Ketones seem to be the backup fluid for energy to the brain cells. And someone with AD can use ketones to provide energy to the brain cells and restore normal functions.
As older people may not be able to exercise, they can be given a ketone cocktail to drink, made from MCT in one’s kitchen from scraped coconut meat.
Moderate exercise seems to help get more ketones into the brain.
All this is wonderful in theory, but the fact remains that coconut oil consumption regularly has no effect to improve one having Alzheimer’s disease.
The countries with the highest volumes of coconut oil consumption in 2018 were the U.S. (507K tonnes), Indonesia (443K tonnes) and India (385K tonnes), with a combined 38% share of global consumption. The Philippines, Germany, the Netherlands, Viet Nam, China, Malaysia, Mexico, and South Korea lagged somewhat behind, together accounting for a further 36%.
In Sri Lanka, coconut production during the last three decades has averaged. 2,365 million nuts per annum, of which about 55 per cent is domestically consumed directly in their staple foods.
The consumption of coconut oil is high in the US as mentioned before, and Alzheimer’s is the sixth leading cause of death.
In terms of mortality rates, an estimated 700,000 people will die each year alone from Alzheimer’s. It is true that deaths from other major causes have decreased, however, deaths from Alzheimer’s have significantly increased. Between the years of 2000 and 2013, mortality rates increased by 71 percent.
Alzheimer’s disease (AD) is the most common cause of dementia among people aged 60 years and older. The prevalence of AD ranges from 6.44% in south India, 3.92% in Sri Lanka for the populations above 65 years, being coconut eating nations.
Among developed countries, Japan has the lowest prevalence of both dementia in general and Alzheimer’s disease. Coconut is not popular in Japanese cuisines.
So, epidemiological studies reveal that Alzheimer’s disease is high in coconut producing and consuming countries, and is difficult to co-relate that coconut oil or the meat, lowers the risk of AD.
The progression of Alzheimer’s is often not a steady downward cycle. It usually includes periods of stability and even improvement—which can muddy possible therapeutic benefits.
Insulin resistance promotes brain pathology and promotes the development of Alzheimer’s Disease.
Alzheimer’s disease may be considered as the Diabetes of the brain. Insulin receptors do not seem to be responding to insulin in the brain
New research today says that insulin, the hormone used to treat diabetes, might someday be useful for treating Alzheimer’s disease
Alzheimer’s treatments: What’s on the horizon?
Despite many promising leads, new treatments for Alzheimer’s are slow to emerge.

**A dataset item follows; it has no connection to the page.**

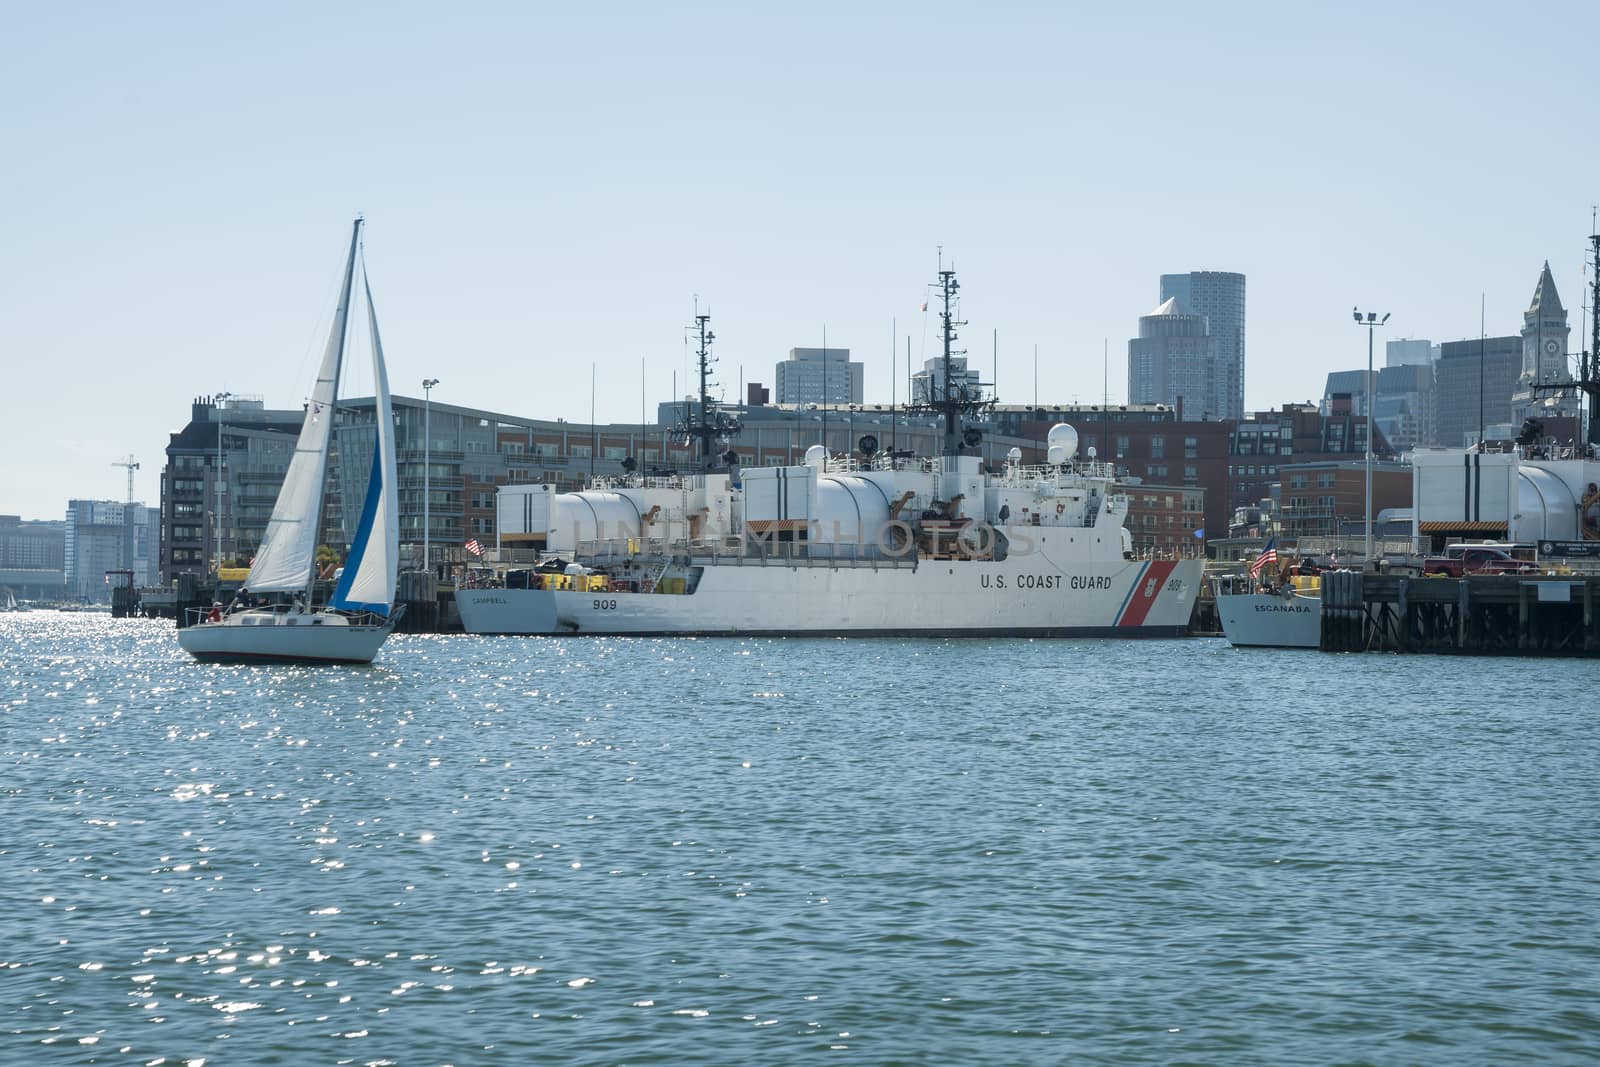 BOSTON, USA - OCTOBER 13; Boston harbor and USS Coastguard boat Campbell moored as yacht sails by on October 13, 2014 in Boston, USA.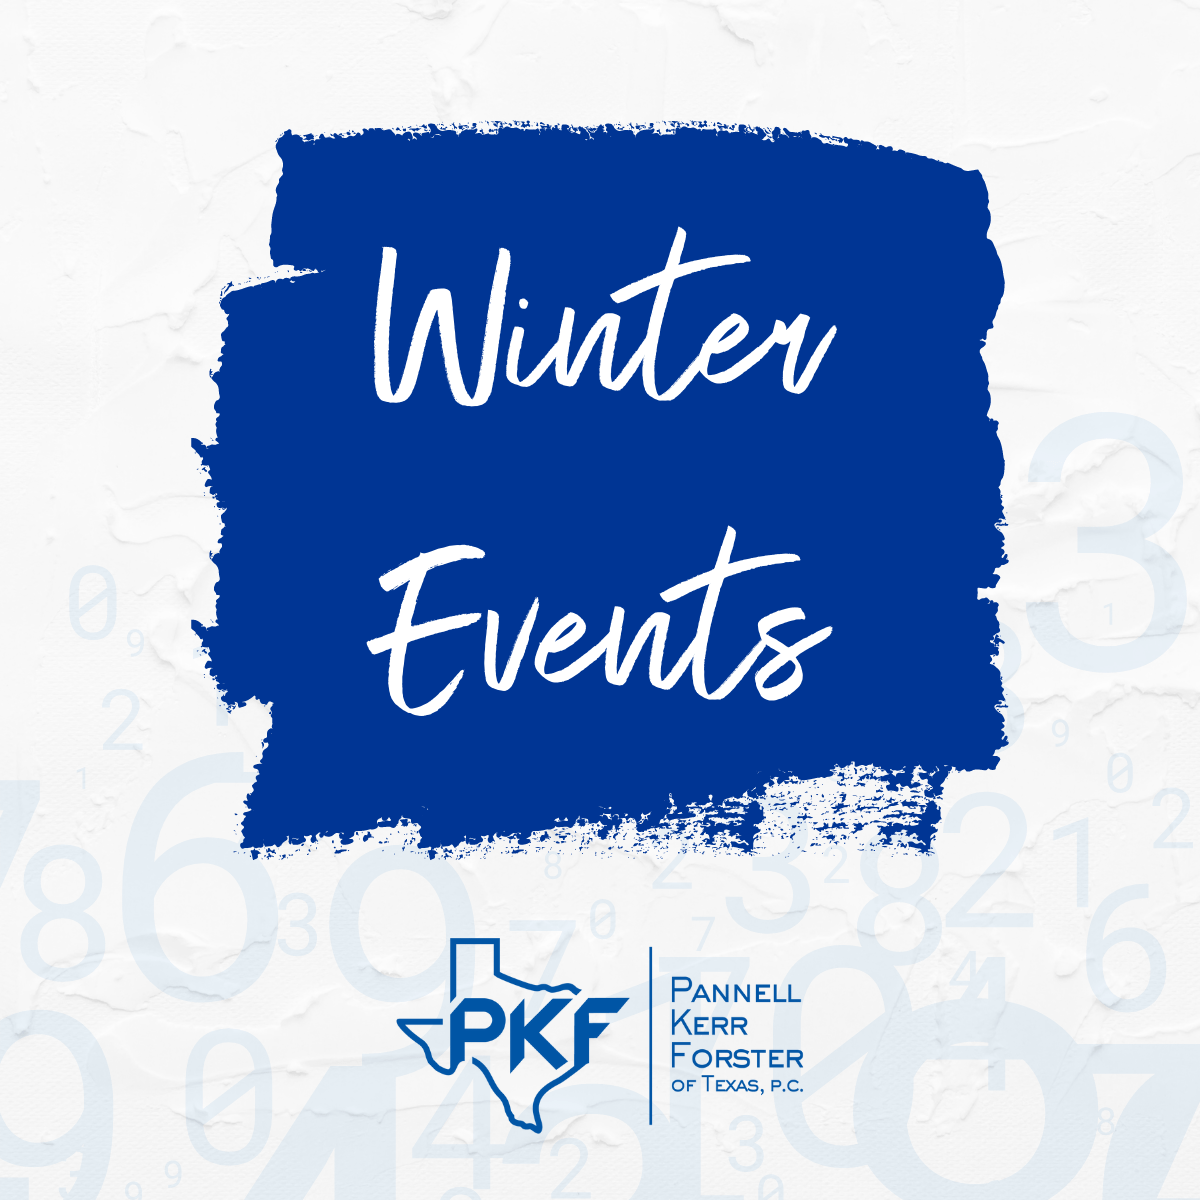 Mark Your Calendars! Upcoming Winter 2020 Houston Events…

Several years ago, researchers learned that beta-amyloid interacts with another protein called Fyn. When combined with beta-amyloid, Fyn is over-activated, which triggers a destruction of connections between nerve cells (synapses) in the brain. Studies are currently in progress for drugs that inhibit the Fyn protein.
There is some evidence to suggest that the fatty acids (MCT) in coconut indirectly result in higher levels of a protein called acetylcholinesterase. High levels of this protein seem to be seen in people with Alzheimer’s disease, and the current treatment is to lower the acetylcholinesterase level.
This may mean that coconut oil be harmful to be given to Alzheimer’s patients.